Jessup’s right hand moved involuntarily toward the inside pocket of his suitcoat before he stopped himself. The folded message inside would wait until he met Cassidy backstage after his gig. Abruptly, Jessup hated himself. He had studied Cassidy’s record, knew that the musician had been a draftee during Gulf War II. No one should be conscripted twice.

No choice, though. The final puzzle of the Labyrinth had to be solved, at any or all costs.

Cassidy ended his instrumental piece and, as the crowd went wild, he stood up for a moment to take a quick, solemn bow and reflexively scoot his stool back a couple of inches. As he did so, he glanced behind him and saw Jessup standing in the wings. Their eyes met and locked for an instant. Jessup caught the cool, appraising glare, the downturned mouth within the beard. Then Cassidy turned his attention back to his guitar and his audience.

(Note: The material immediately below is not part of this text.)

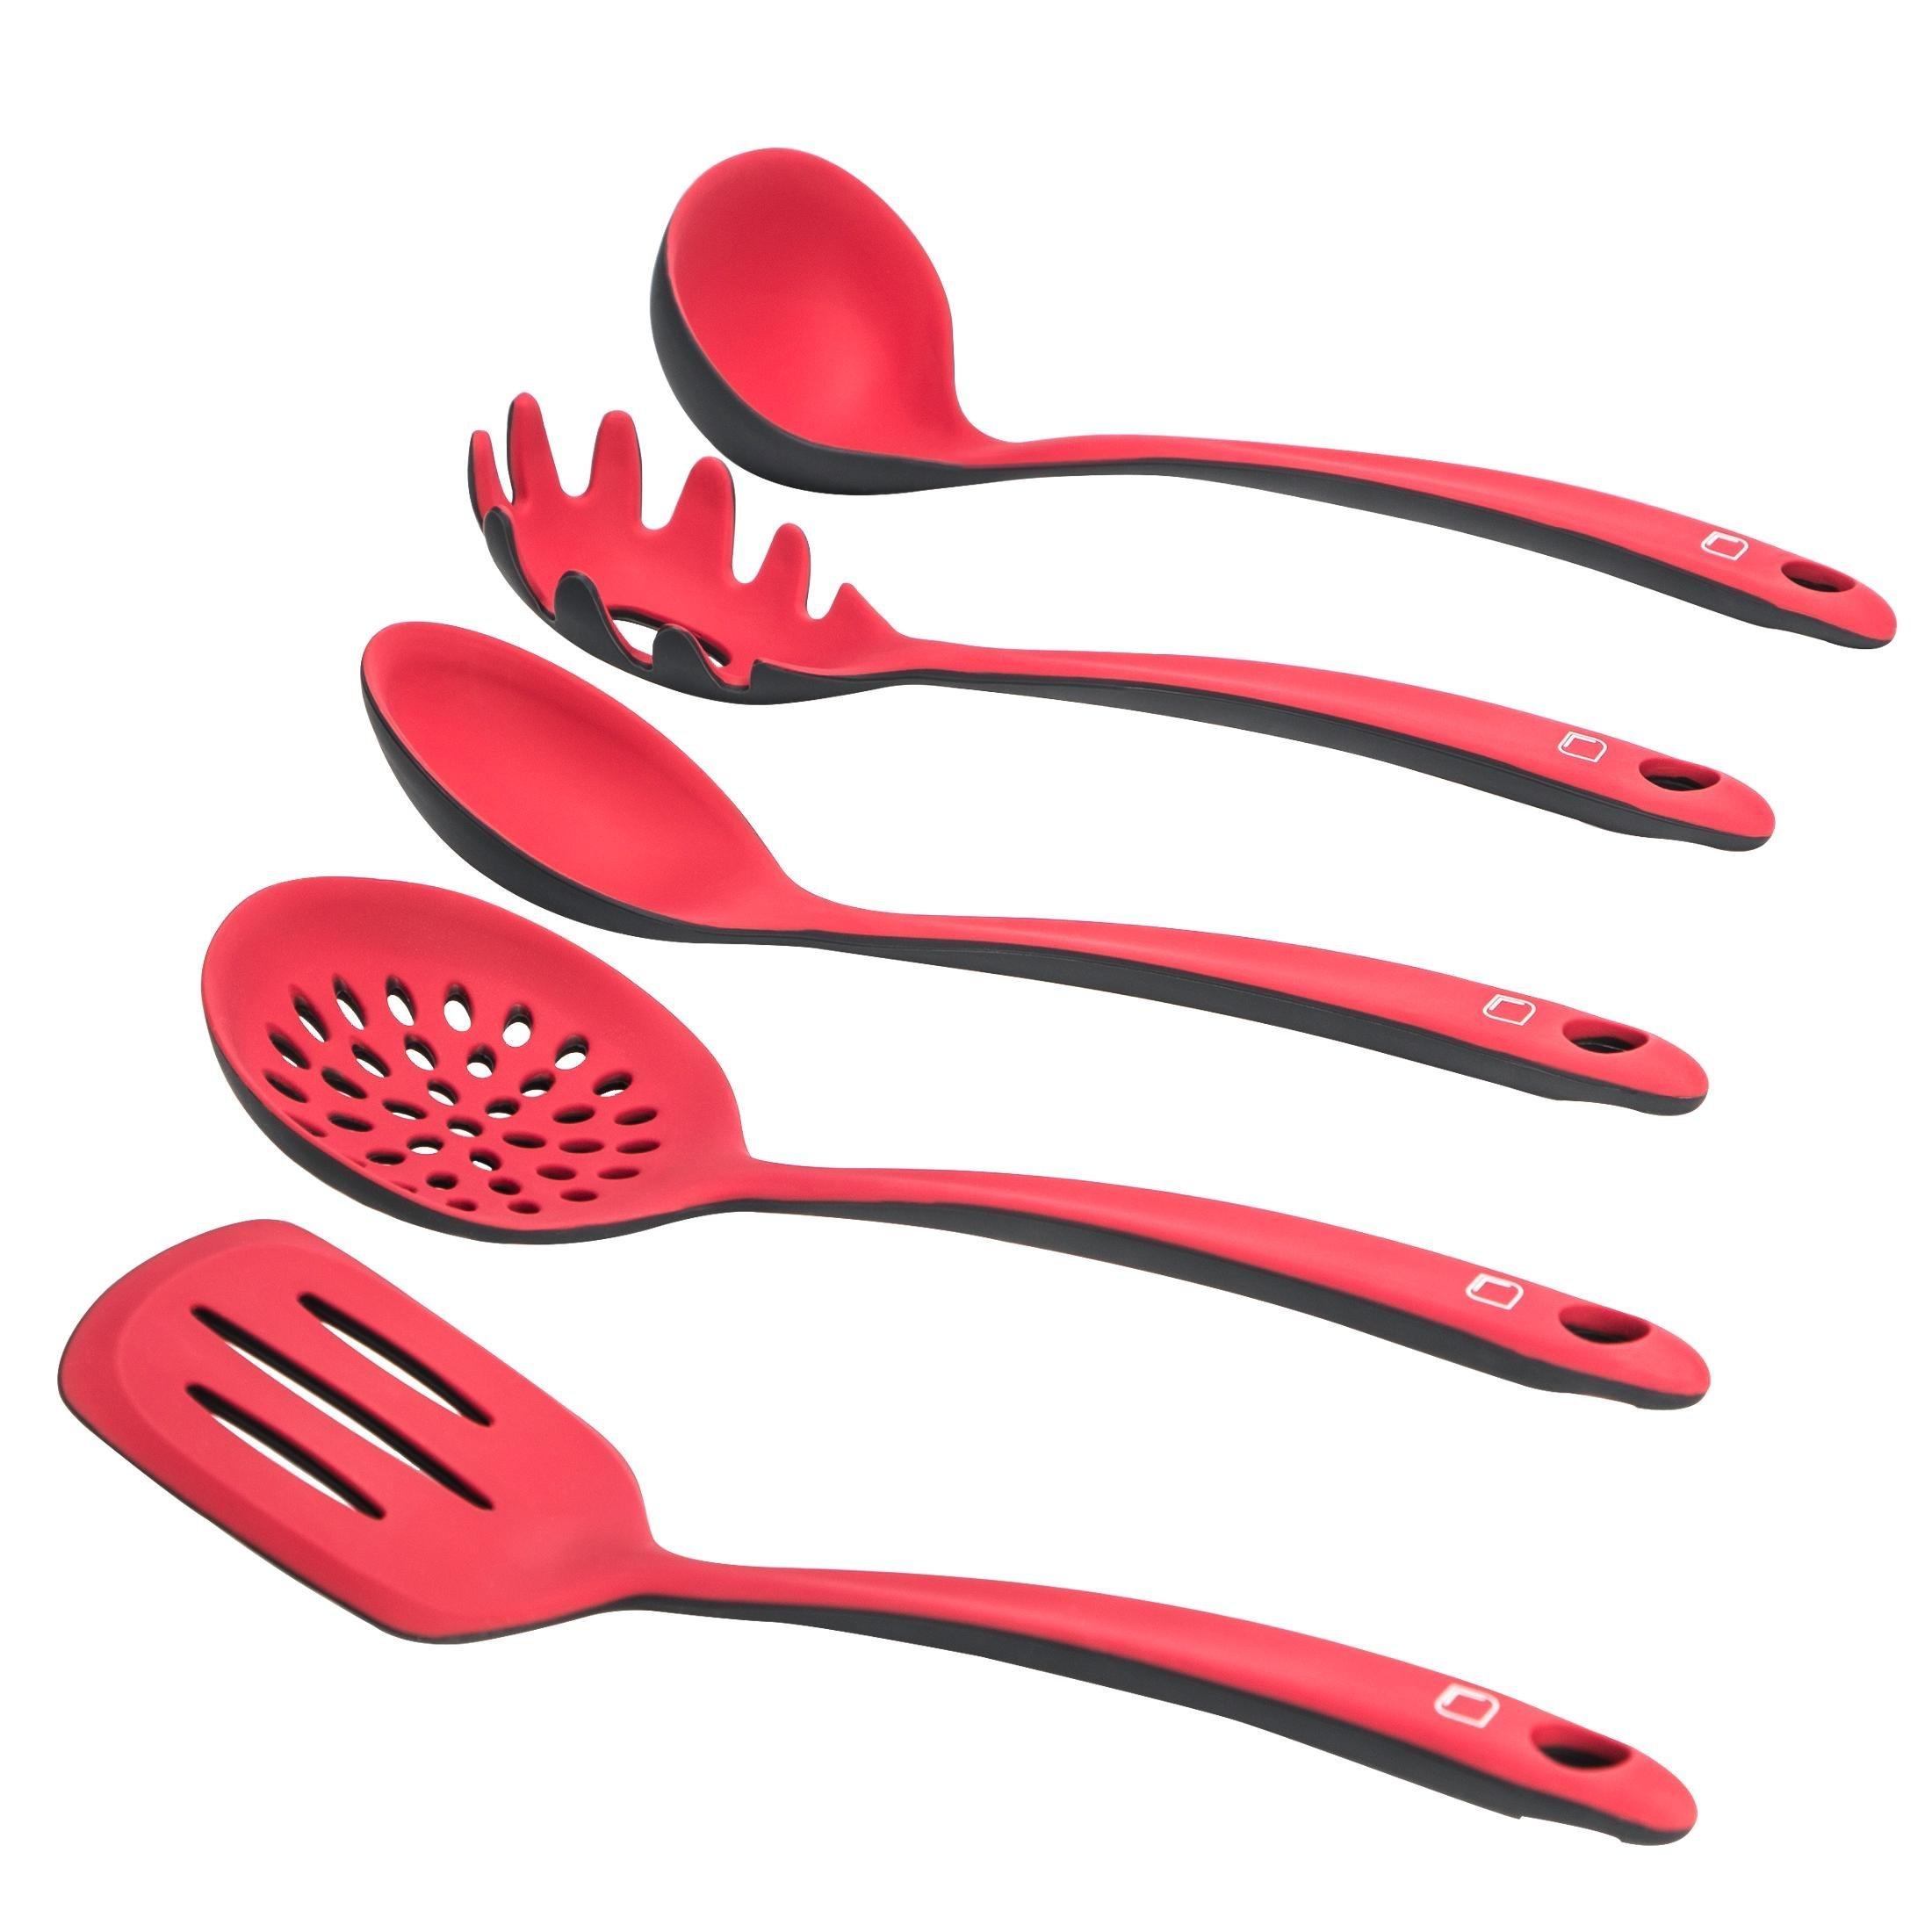 Compra levivo juego de utensilios de cocina de silicona for Juego de utensilios de cocina
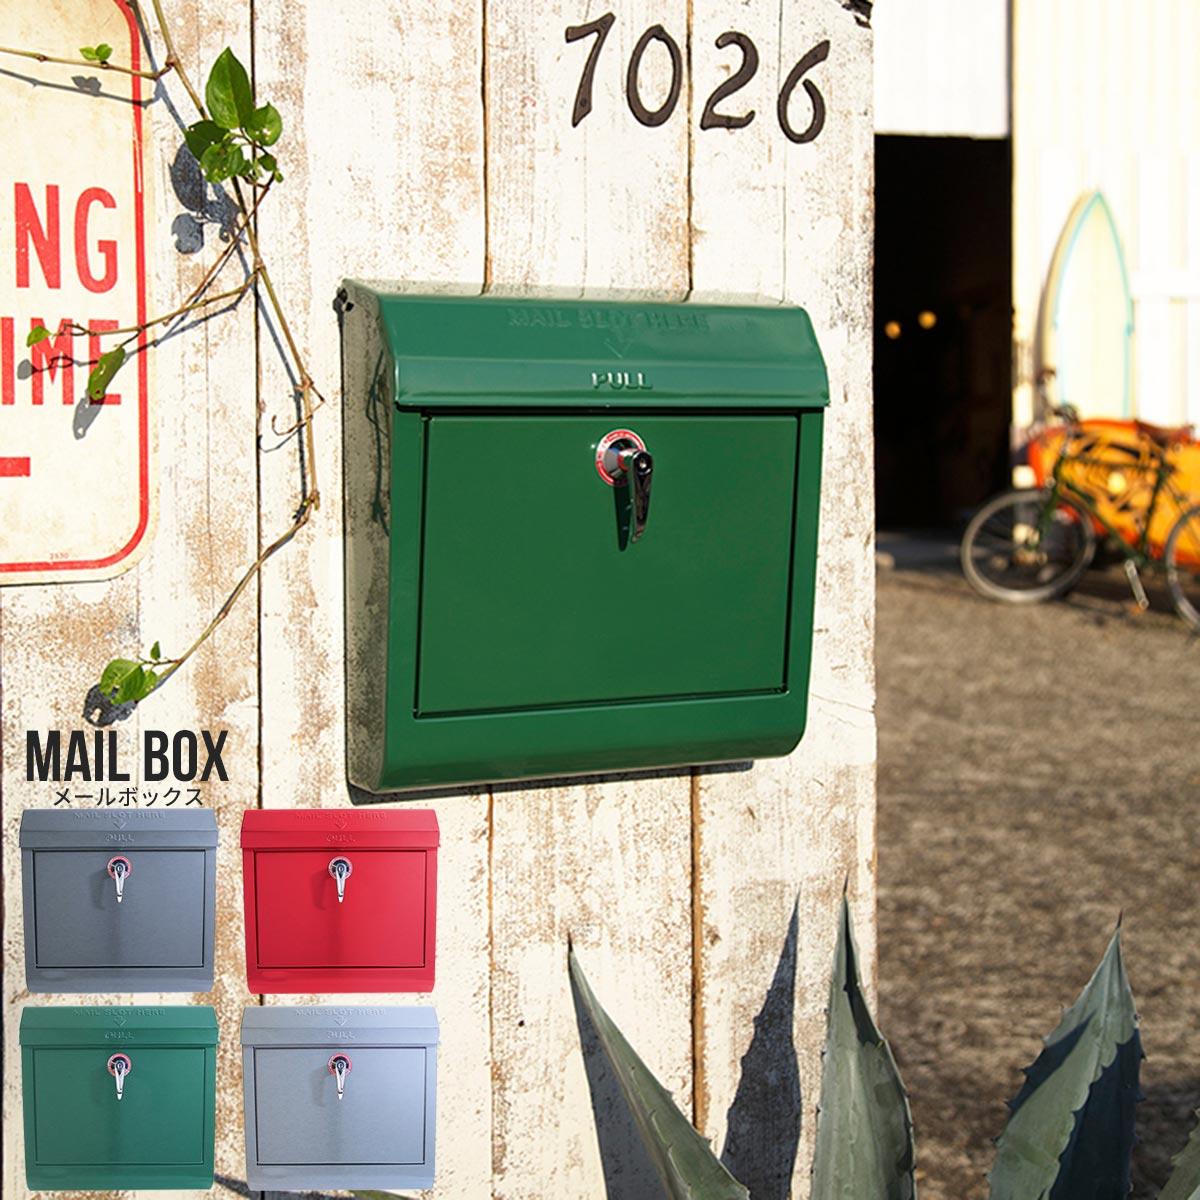 【あす楽】Mail box ユーエス メールボックス(ロゴなし) 送料無料

He pensively warmed up with a couple of notes, then edged into his next number. Jessup recognized the song immediately as
Uncle Sam Blues.

Kennedy Space Center, Cape Canaveral, Florida: October 4, 0800 EST, 2029

The unmanned cargo shuttle
Constellation
was an old bird, the last of her breed. Built in the early 2000s to ferry the final components of the first-generation Freedom Station into orbit, she was the last of the Rockwell ‘Delta Clippers’ to be rolled out to the launch pad. Her sister vessels were now on display in the National Air and Space Museum in Washington, the KSC visitors’ center on the other side of the Cape, and the Marshall Space Flight Center in Huntsville.

The
Constellation
was still flying, though, partly because no one at the Cape had the heart to put the last of the Delta Clippers out to pasture. The second-generation McDonnell-Douglas ‘Big Dummies’ were more efficient workhorses, but they were mostly owned and operated by Skycorp and other space companies. Although NASA flew third-generation SSTO spaceplanes for most orbital missions, there was still a need for the
Constellation’s
more capacious cargo hold. But everyone at the Cape knew that the
Constellation
was near the end of her days; at twenty-nine, she was a grand old dame who was tired of hauling freight. In another year or so she would be taken off the flight-line, her innards cannibalized for any re-usable parts and her empty hull shellacked and mounted on a concrete parapet at another NASA facility, posing for tourist snapshots and collecting bird droppings on her fuselage. Nobody lives forever.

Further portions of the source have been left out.